Task brief |
With the images removed, repeat the data below exactly.

Collected material |

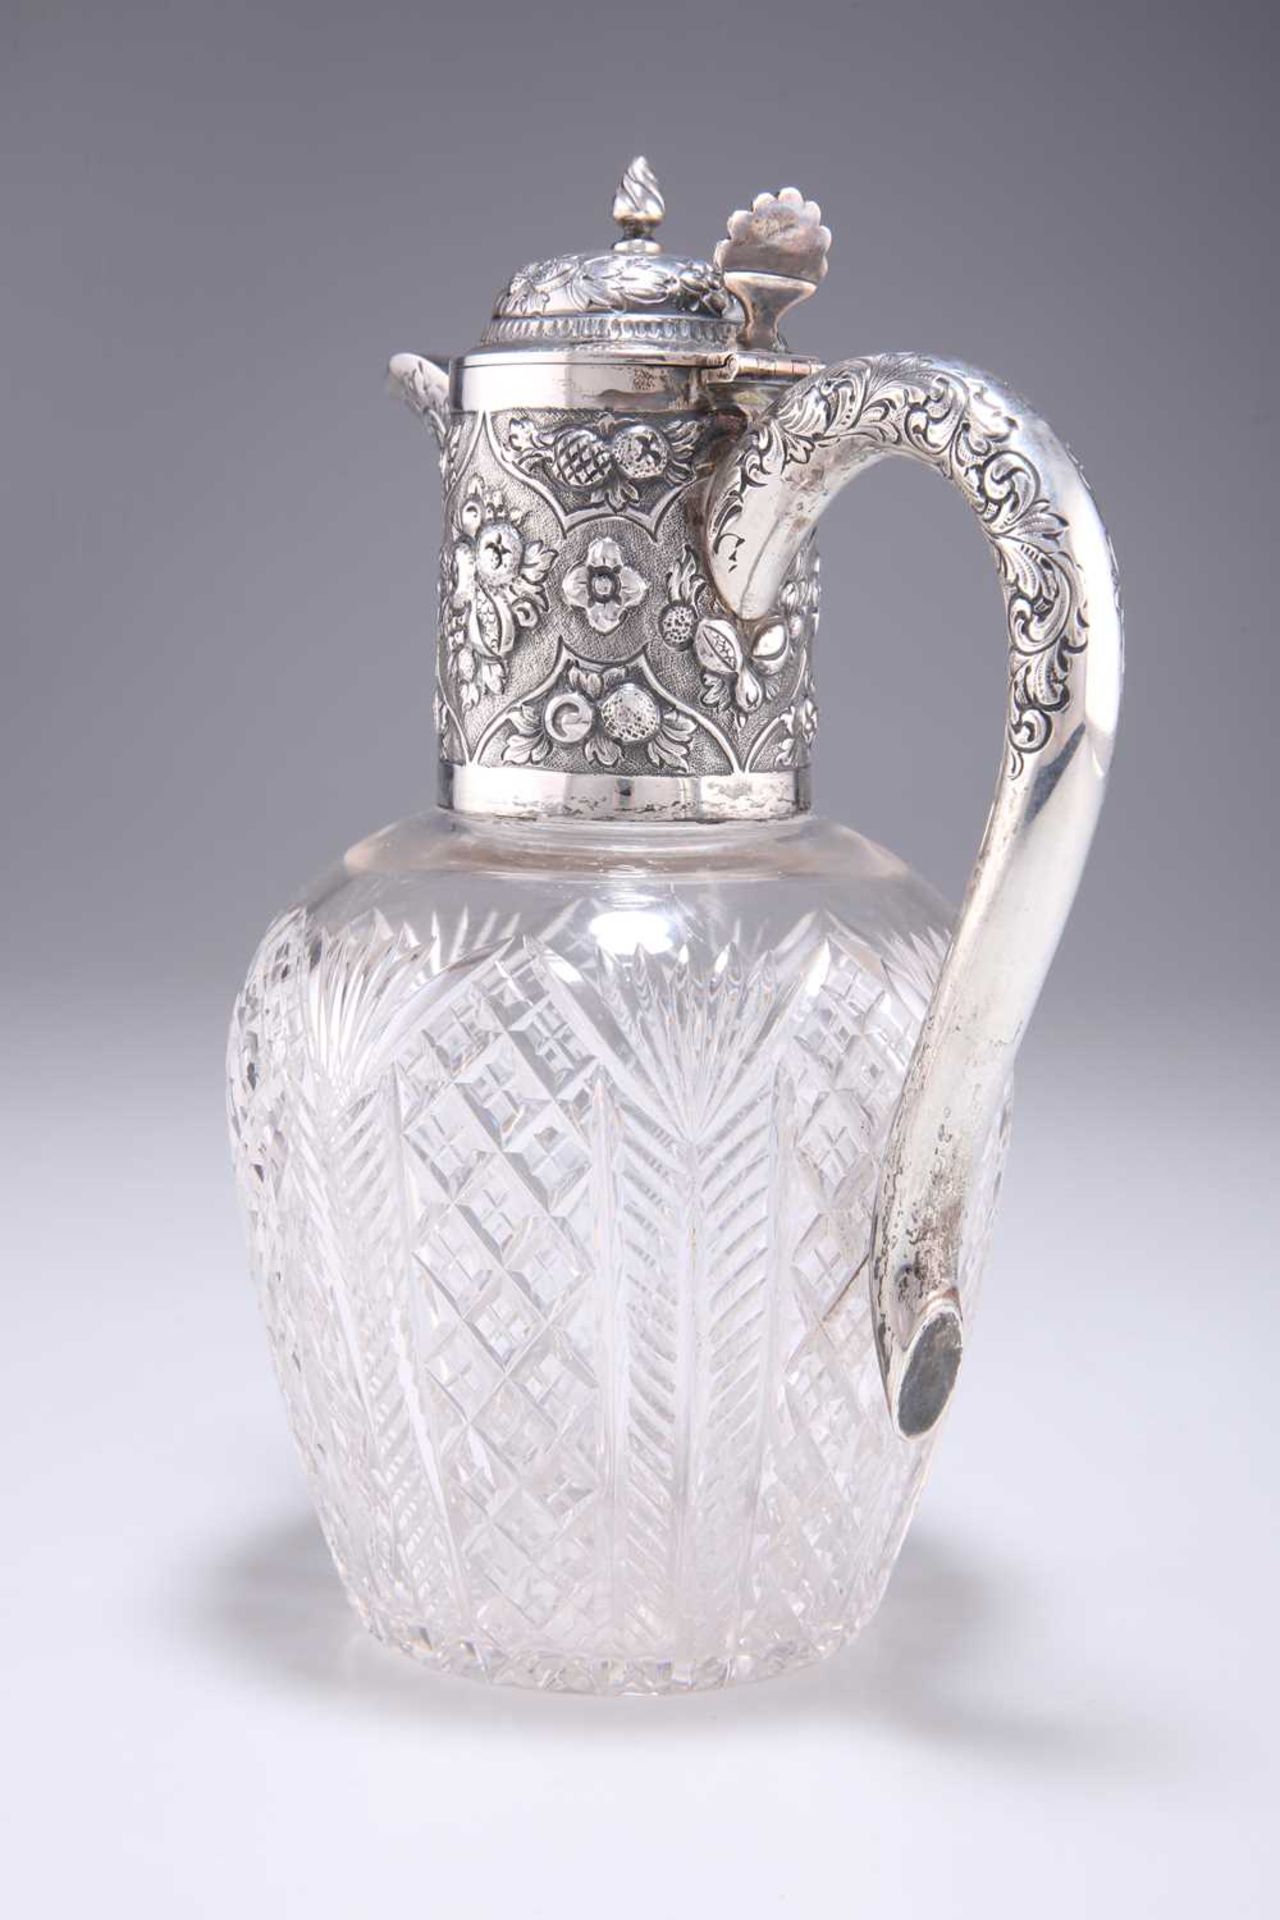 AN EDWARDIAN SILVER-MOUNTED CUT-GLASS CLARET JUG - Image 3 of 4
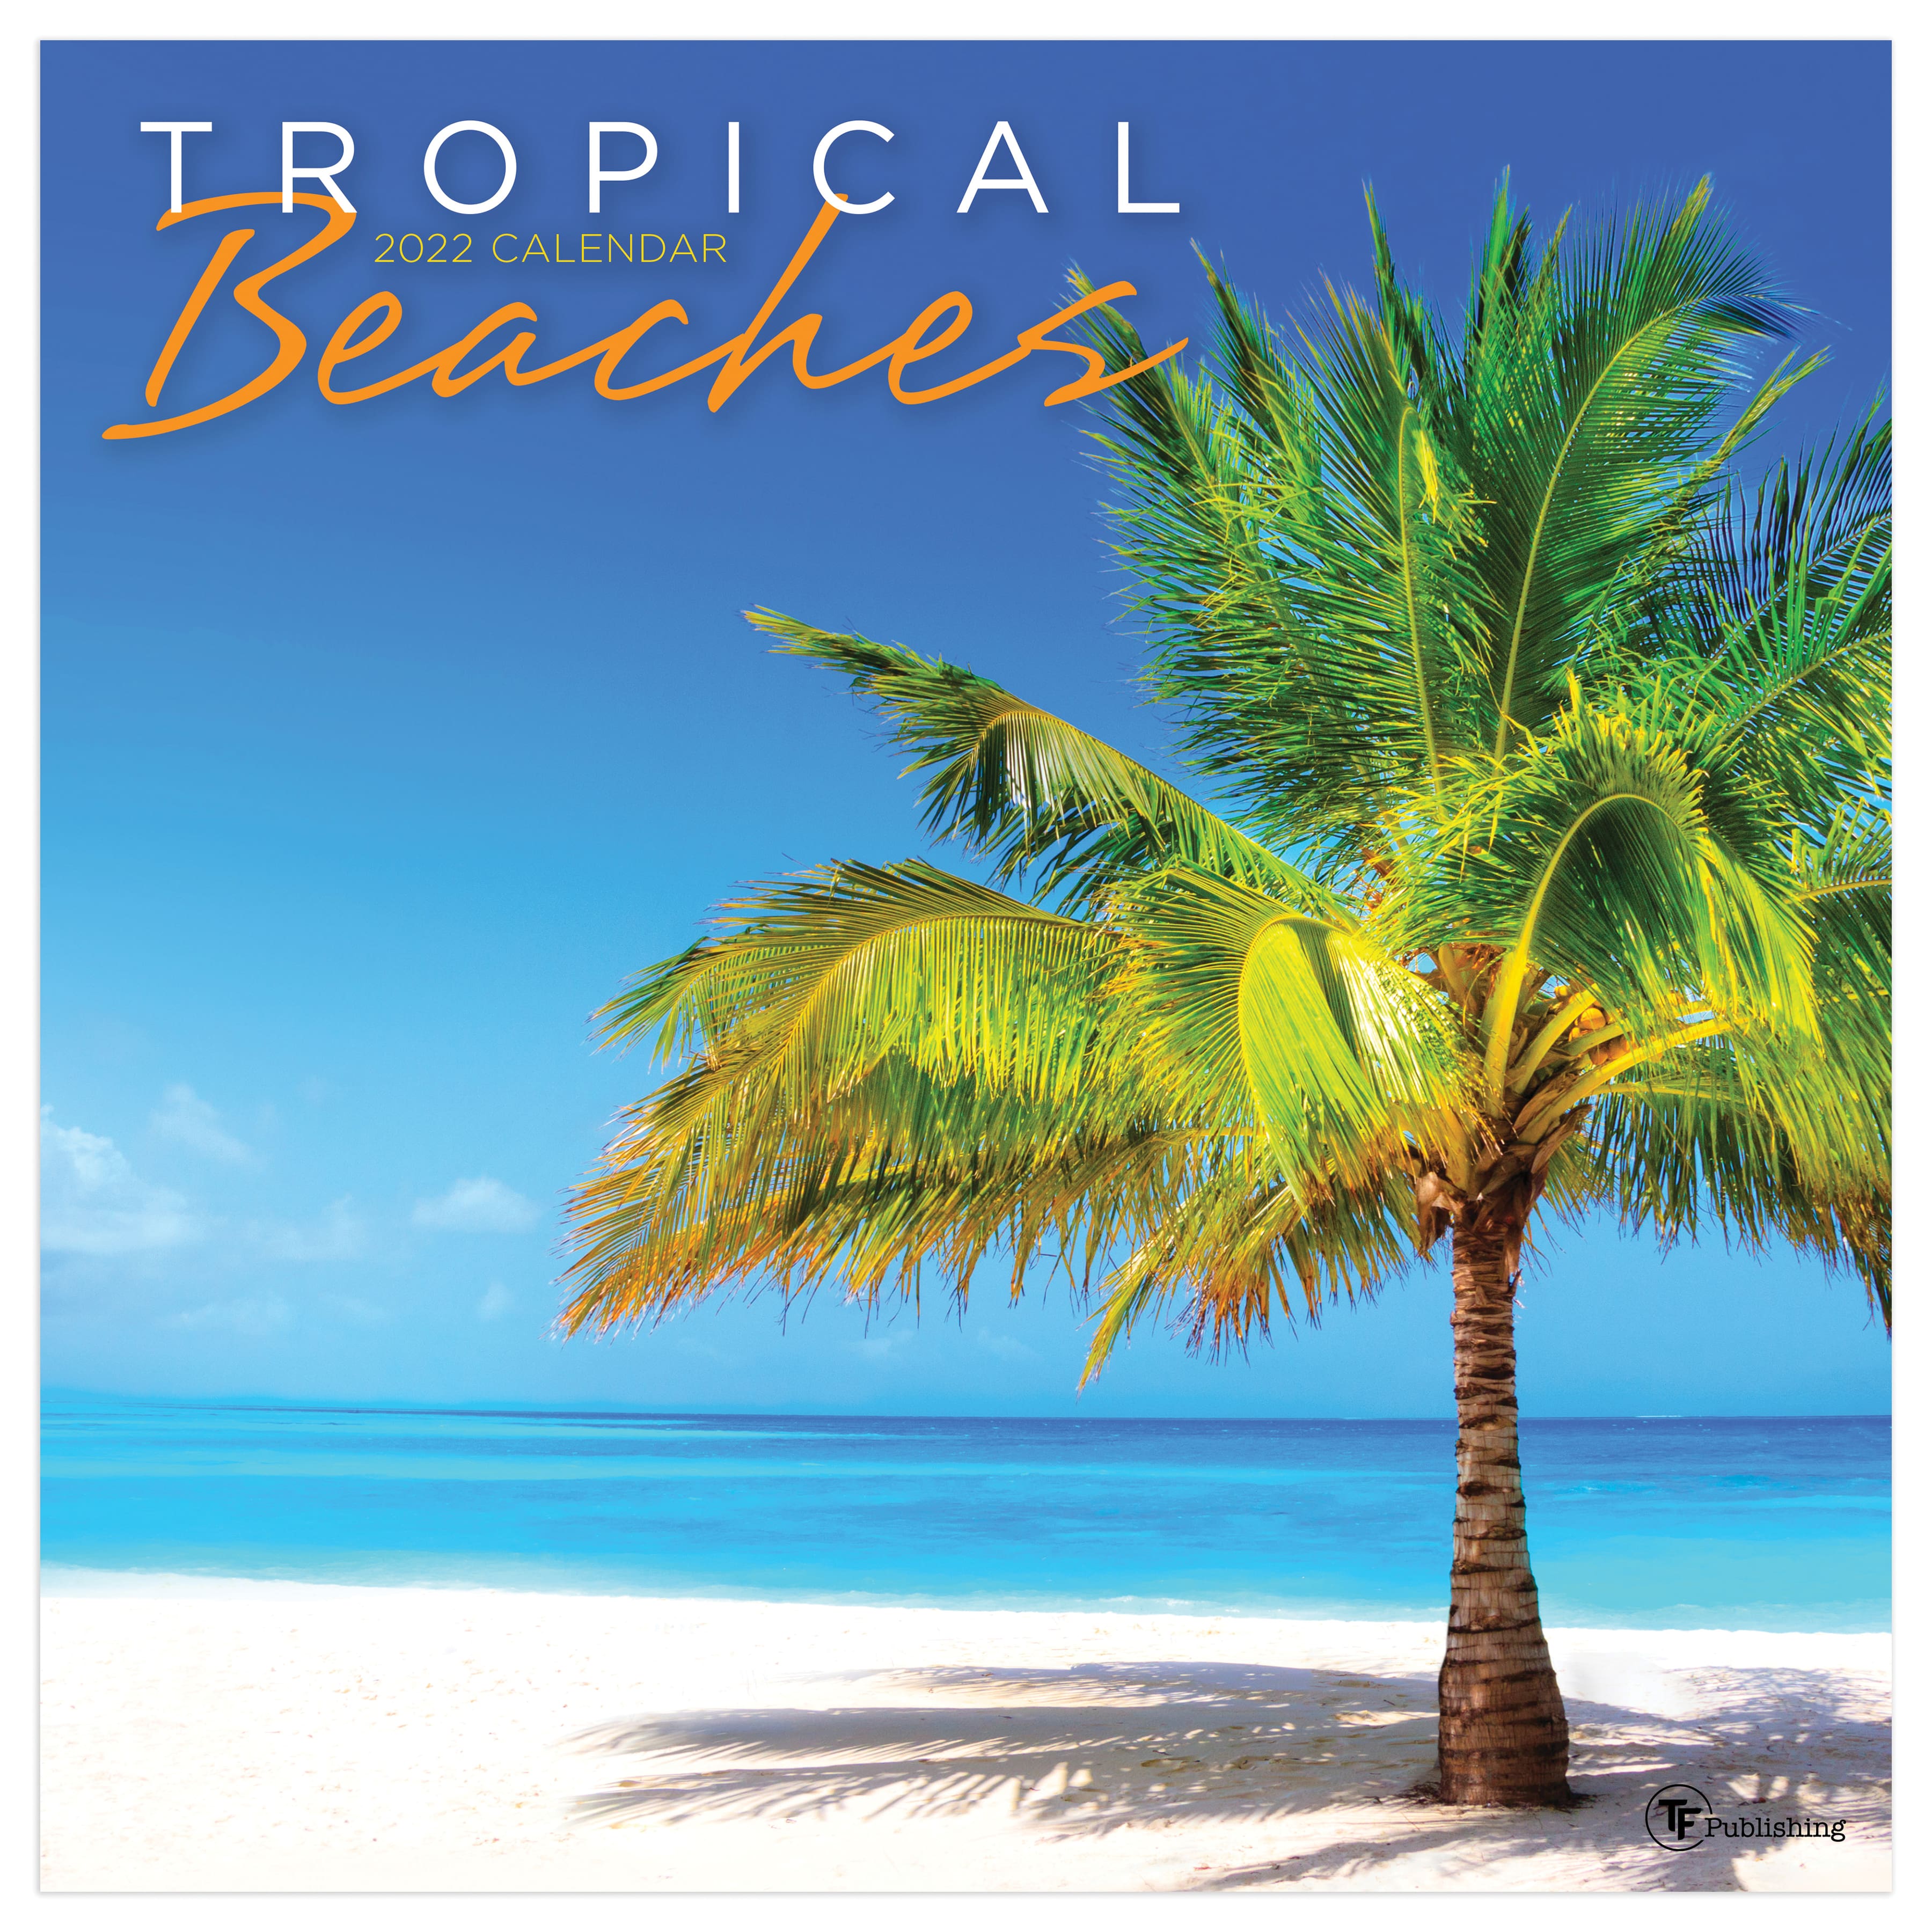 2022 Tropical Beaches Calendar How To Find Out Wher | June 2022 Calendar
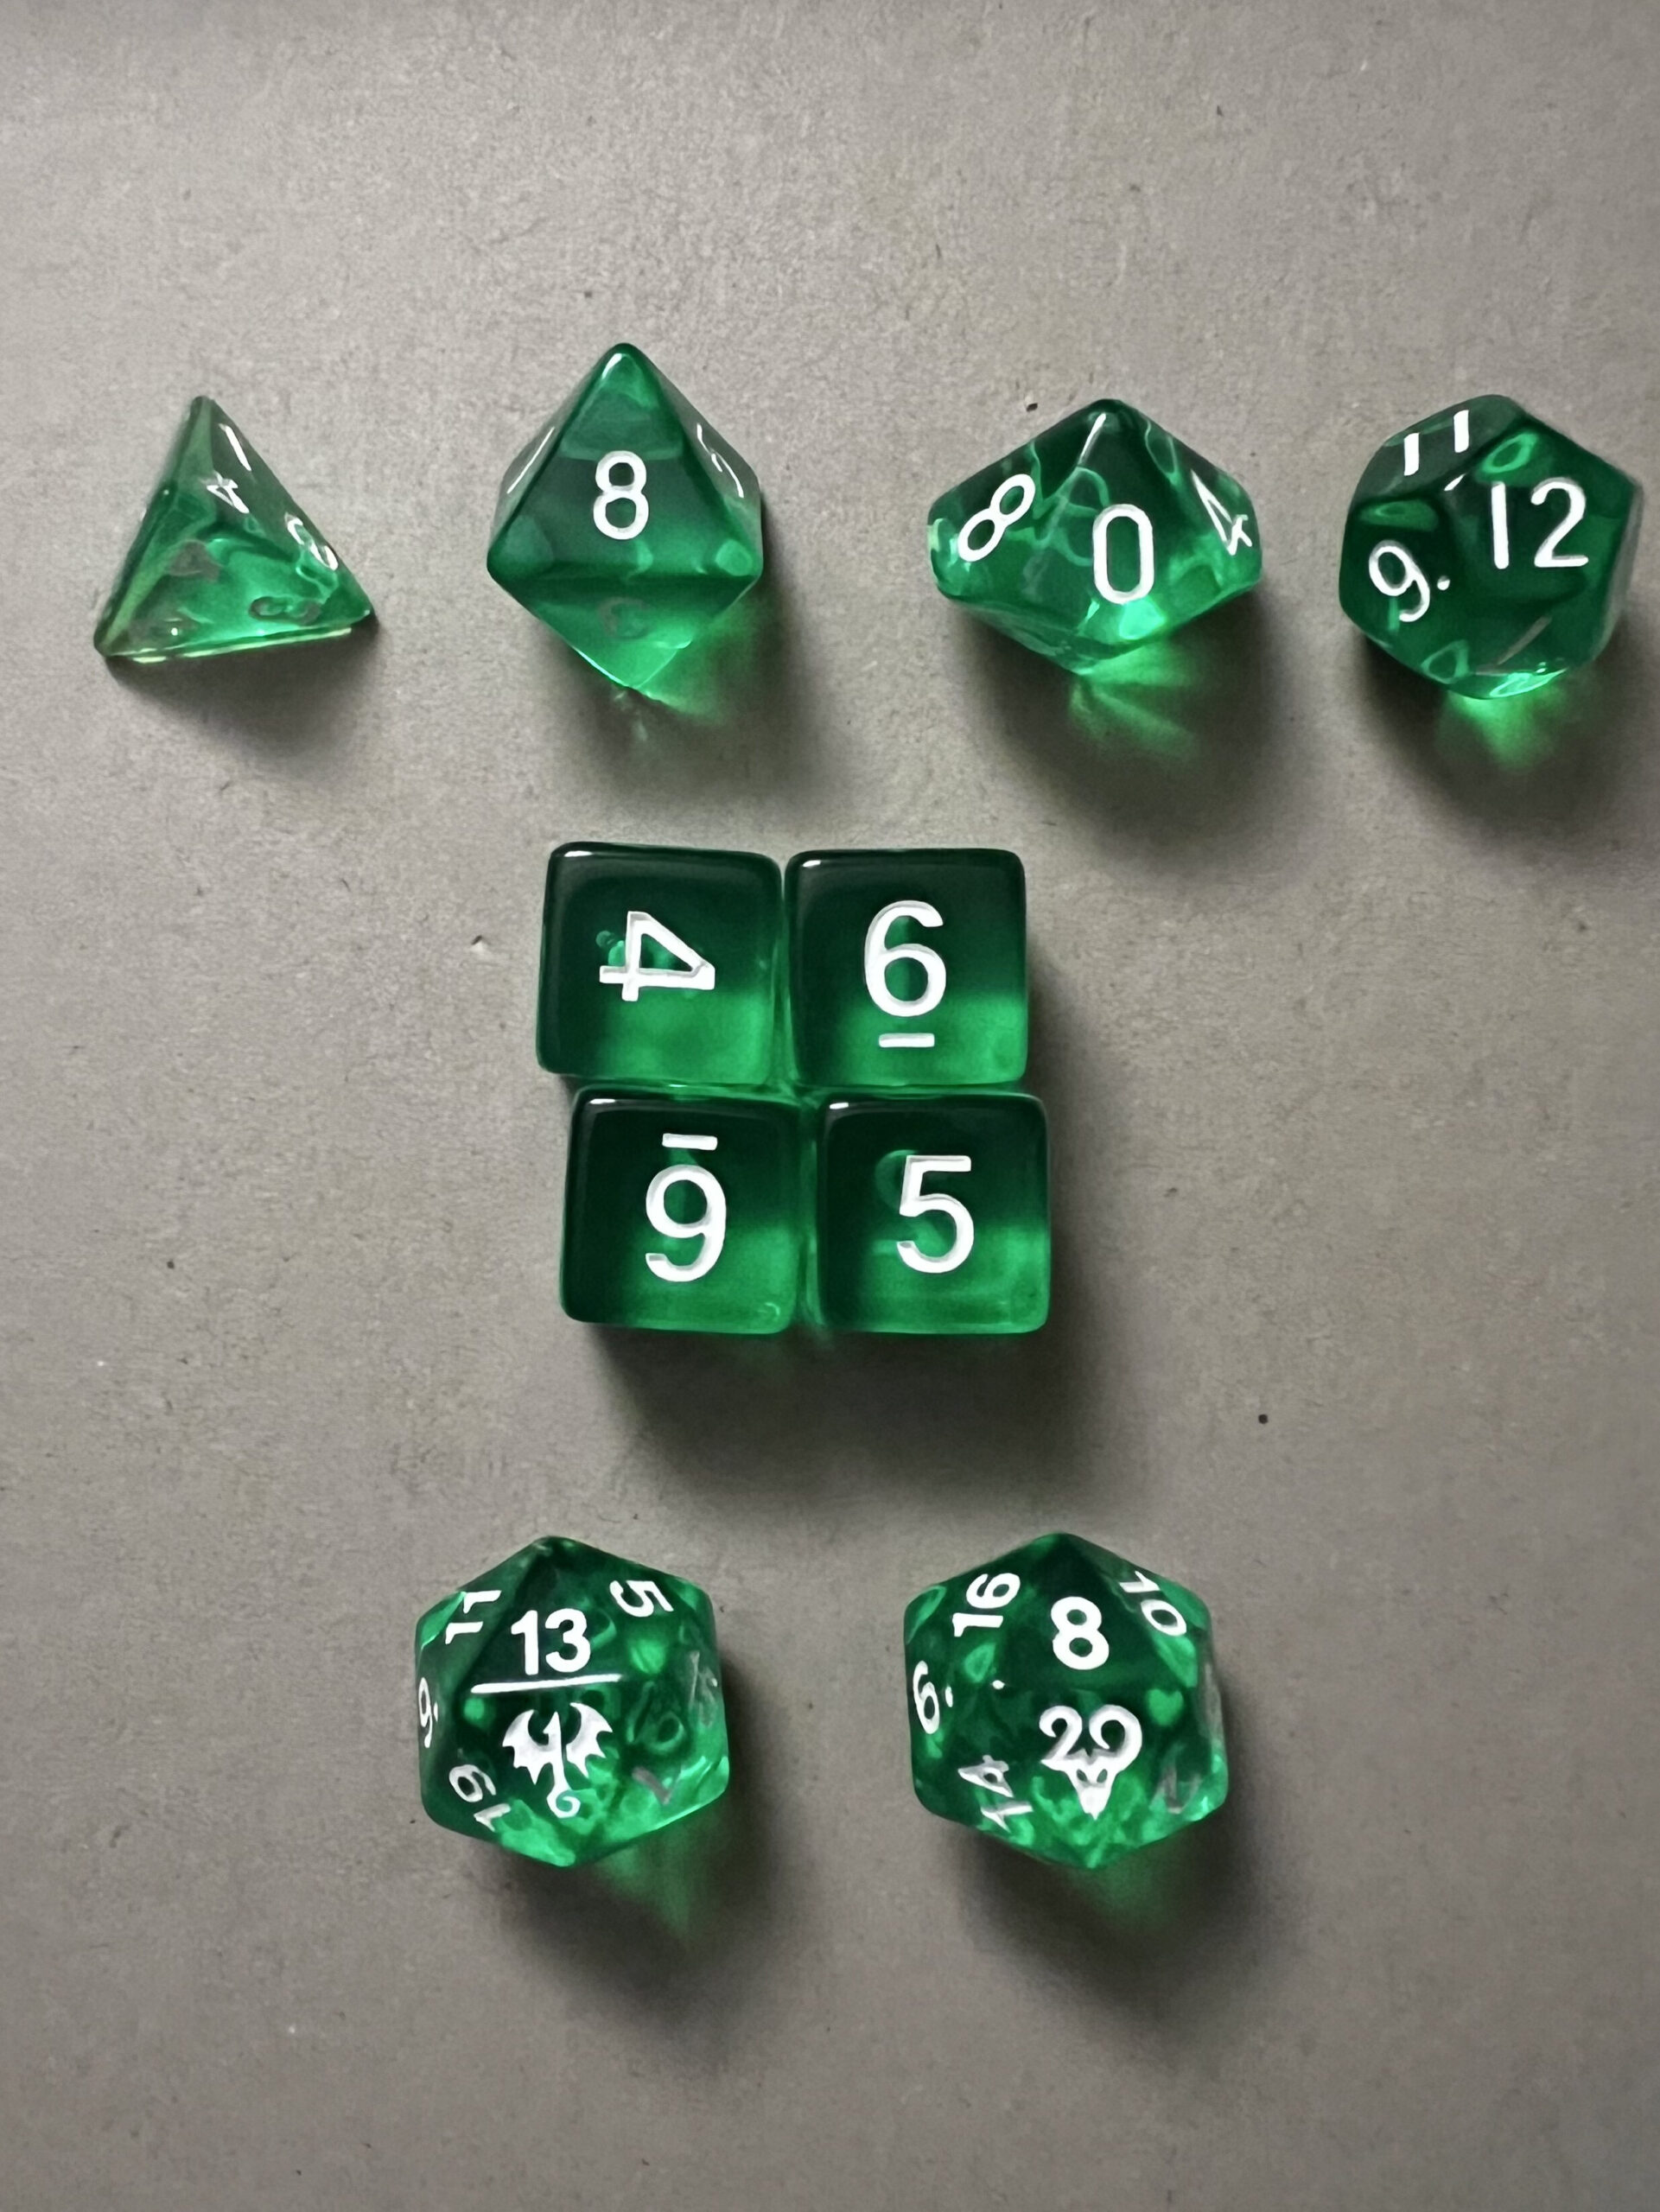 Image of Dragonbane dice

The completed task |
 AN EDWARDIAN SILVER-MOUNTED CUT-GLASS CLARET JUG - Image 3 of 4
 2022 Tropical Beaches Calendar How To Find Out Wher | June 2022 Calendar
 Image of Dragonbane dice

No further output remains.